|Story of Herod the Great
'Herod' is a dynastic name, and there are four different men in the New Testament called Herod. They are all from the same family, descendents of the founder of the dynasty, Herod Antipater.
HEROD THE GREAT
Herod was born in Palestine at a time of political turmoil. His father Antipater, an ambitious man, had risen rapidly in the service of the king, whom he eventually ousted from the throne. Antipater appointed his son Herod as governor of Galilee, and six years later Mark Antony made him tetrarch. Six years after this the Senate in Rome named him king of Judea and gave him an army to make good his claim. By the age of 36, Herod was unchallenged ruler of Judea.
To strengthen his hold on power he divorced his first wife Doris and married the beautiful Mariamme, a princess of the Hasmonean royal family. Herod may or may not have been deeply in love with her - the Jewish historian Josephus says he was, but then Josephus was dependent on Herod's favor and always gave him the benefit of the doubt.
Herod supported his patron Mark Antony until he lost the Battle of Actium, when he adroitly switched sides and became an ally and friend of the victor of this battle, Octavian/Augustus.
As well as being a clever politician, Herod the Great was one of the most prolific builders of the ancient world. Among other things, he built the port of Caesarea on the coast between Joppa and Haifa, and Sebaste on the site of ancient Samaria. His most grandiose achievement was the Temple in Jerusalem, which he completely rebuilt. The platform for this construction is the Temple Mount. Herod was also the president of the Olympic Games during his reign.
Much of what he did was an attempt to make up for his birth - he was of Arab origin on both sides, a fact his Jewish subjects never forgave. He resented and envied the love his subjects had for the former royal family, the Hasmoneans, and ended up murdering most of the members of that family, including his wife Mariamme, their two sons, his young brother-in-law, his mother-in-law, and Mariamme's aged grandfather. When Herod had his two sons strangled, Augustus commented that it was safer to be Herod's pig than his son - Jews do not eat pork.

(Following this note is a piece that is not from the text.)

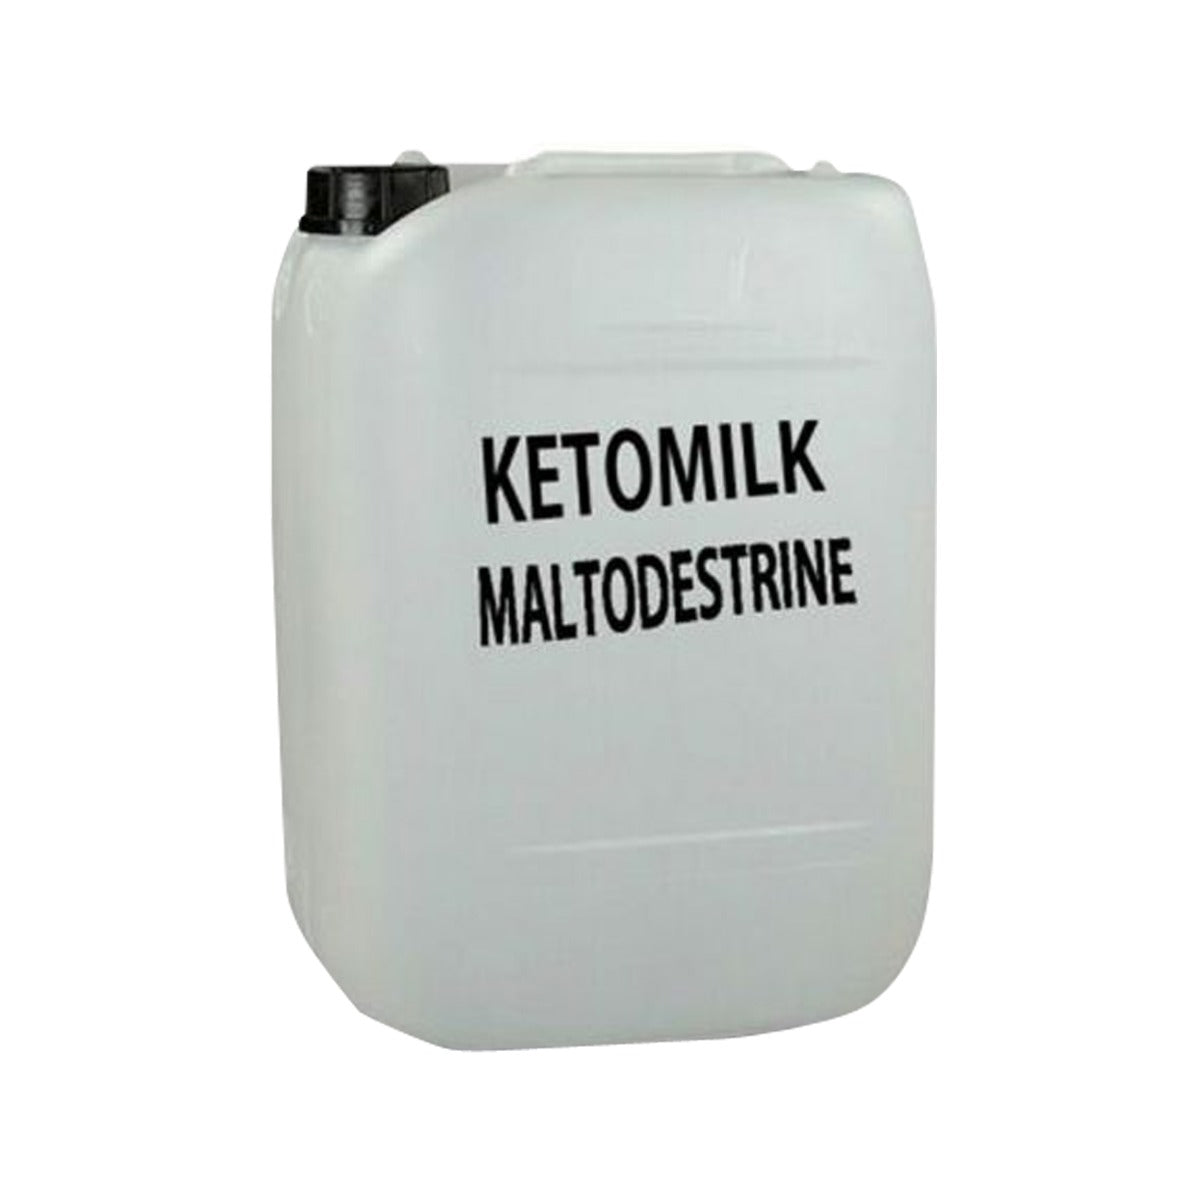 Ketomilk Maltodestrine - Integratore Nutrizionale per una Dieta Chetogenica

During his last years - the years in which the Massacre of the Innocents took place - Herod descended into madness and paranoia. He was in great physical and mental pain, and soon after a failed suicide attempt this complex, demented, brilliant man died.
'He resented and envied the love his subjects had for the former royal family, the Hasmoneans, and ended up murdering most of them, including his wife Mariamme, their two sons, his young brother-in-law, his mother-in-law, and Mariamme's aged grandfather. When Herod had his two sons strangled, Augustus, knowing that Jews do not eat pork, commented that it was safer to be Herod's pig than his son.'
Though Antipas was cautious in political matters, he was unsuccessful in controlling his family, and had a particularly bad relationship with Herodias' brother Agrippa.

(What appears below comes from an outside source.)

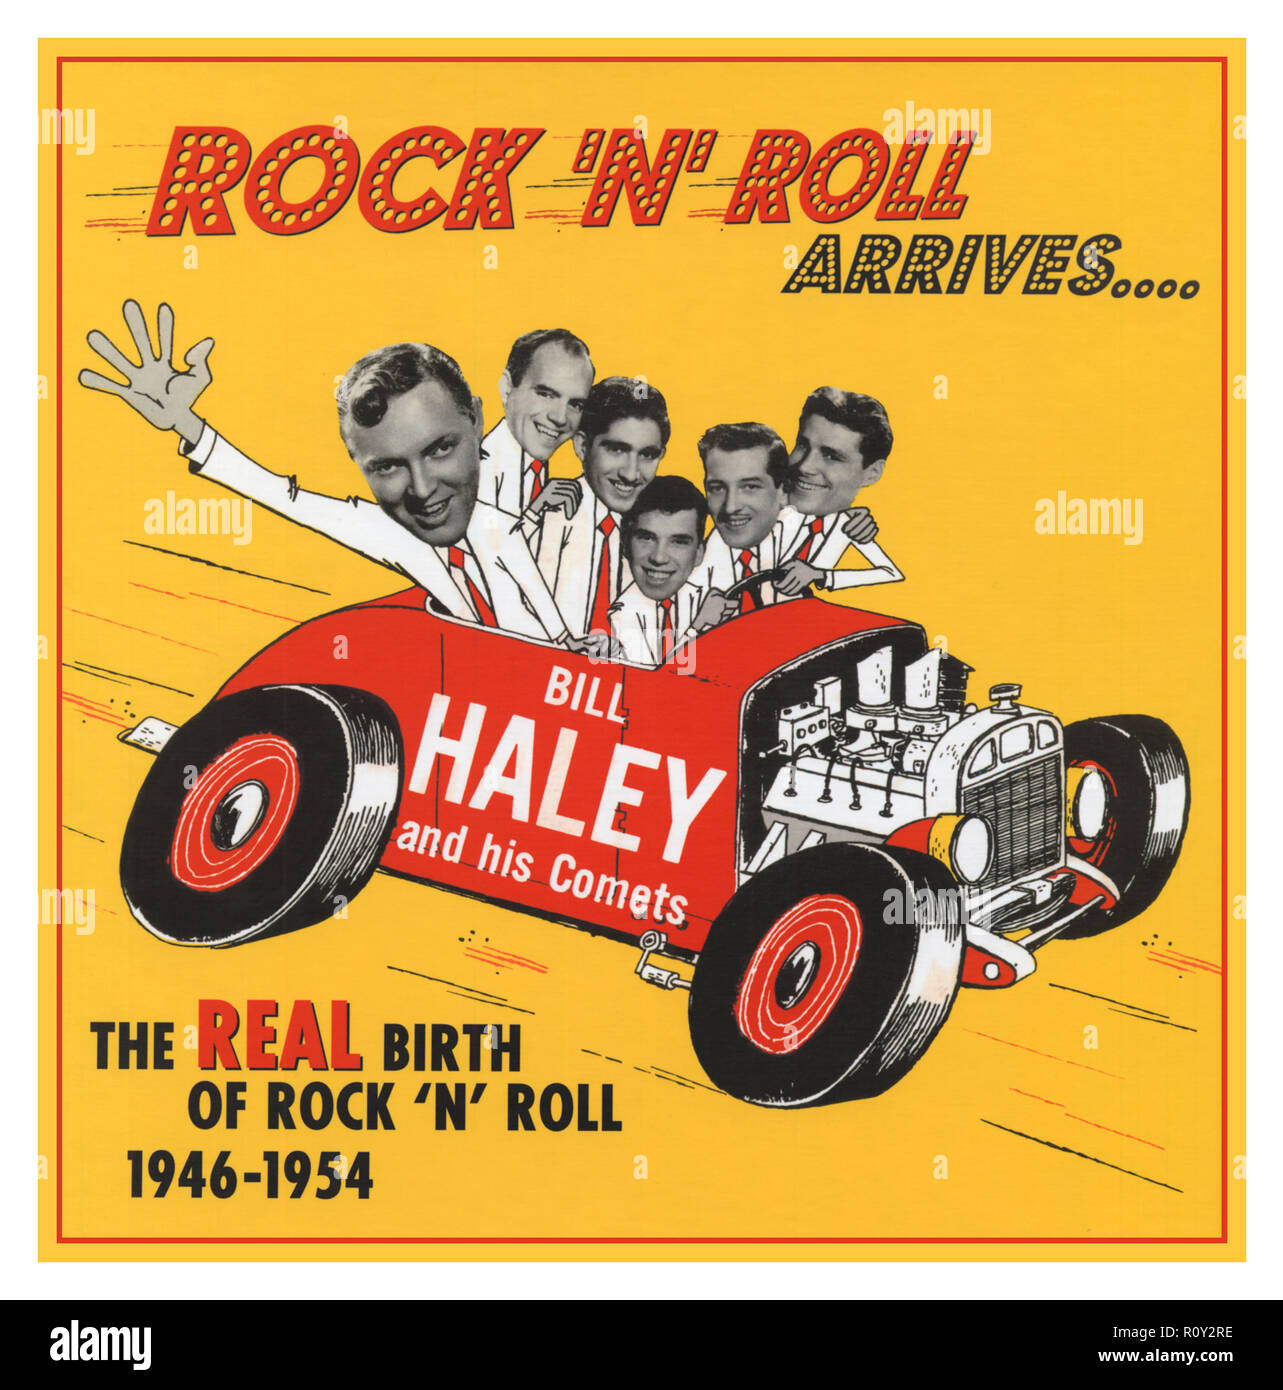 Bill Haley e le sue comete ‎- Rock 'n' Roll arriva.. Compilazione CD di Bill Haley e le sue comete Rock and Roll canzoni da 1946-1954 re-release 2006 queste registrazioni sono dove rock 'n' roll davvero iniziato. Essi sono antecedenti la roccia intorno all'orologio, e rivelare Bill e le comete al lavoro sulla propria miscela unica di Boogie Woogie, hillbilly, pop, blues e jazz, anni prima di chiunque altro. Si sente lui inventare Il come-ancora senza nome musica che è venuto a essere chiamato rock 'n' roll che alla fine ha cambiato il mondo. Foto Stock

Unfortunately for Antipas, Agrippa had lived in Rome and become a close friend of a young member of the imperial family, Caligula. When Caligula became emperor Agrippa laid charges, partially true, against Antipas. Caligula, now given a pretext, banished Antipas to Gaul but gave Herodias a dispensation. Since she was the sister of his friend Agrippa, she might continue to live in Judea and retain some of her possessions.
Herodias proudly refused the pardon and accompanied Antipas into exile - though it was perhaps not too bad a punishment, since tradition has it that they lived hereafter in a magnificent villa in Gaul, near Lyon in the south of France.
He was the grandson of the beautiful Mariamme and through her inherited the prized Hasmonean blood. He had been sent to Rome as a small boy to escape the bloodbath that engulfed his family, and also to receive a Roman education. There he grew up in company with the emperor Tiberius' son Drusus.
After his mother's death he quickly ran through his inheritance, keeping up with the lifestyle of the young blades of the imperial family. Then he went into serious debt, which meant that when his patron Drusus died, he was forced to leave Rome and go back to Judea. Herod Antipas, now his brother-in-law, gave him a small income and a minor official post, both of which Agrippa despised.
Desperately unhappy in the back blocks of Judea, Agrippa secured a sizeable loan and returned to Rome, where he secured a post as tutor to Tiberius' grandson. He also became a friend of Caligula, Tiberius' heir. He was foolish enough to made a rash remark about how good it would be when Tiberius died, and his words were reported by a servant. Agrippa landed in gaol.
However Tiberius died one year later and Agrippa, now close friends with the new emperor Caligula, came into his own. Caligula made him king of the former realm of his uncle Philip, and when Antipas was banished to Gaul Agrippa got his territories as well. When Caligula was assassinated Agrippa supported Claudius, who in gratitude granted him the entire kingdom of Judea.
In Judea, Agrippa carefully supported conservative Jewish policies and repressed the Jewish Christians. He imprisoned Peter the Apostle and executed James, son of Zebedee. Luke, writing in the Acts of the Apostles, believed that Agrippa's early death in 44AD was the result of his pride.
HEROD AGRIPPA II
In 60AD, when Paul had been in prison for two years, the procurator in Judea consulted Agrippa concerning his case. This happened during a visit that Agrippa and his sister were making to Caesarea (Agrippa and his sister were said to be having an affair, though the writer of Acts does not mention this). Paul defended himself vigorously, and those who listened to him commented that he might have been set free if he had not appealed to the emperor - which entailed a further trial in Rome.
Agrippa assisted the Romans when the Jewish Revolt broke out. In 70AD he helped Titus' son in the final conquest of Jerusalem and after the rebellion had been put down, Agrippa II apparently lived on until 93AD.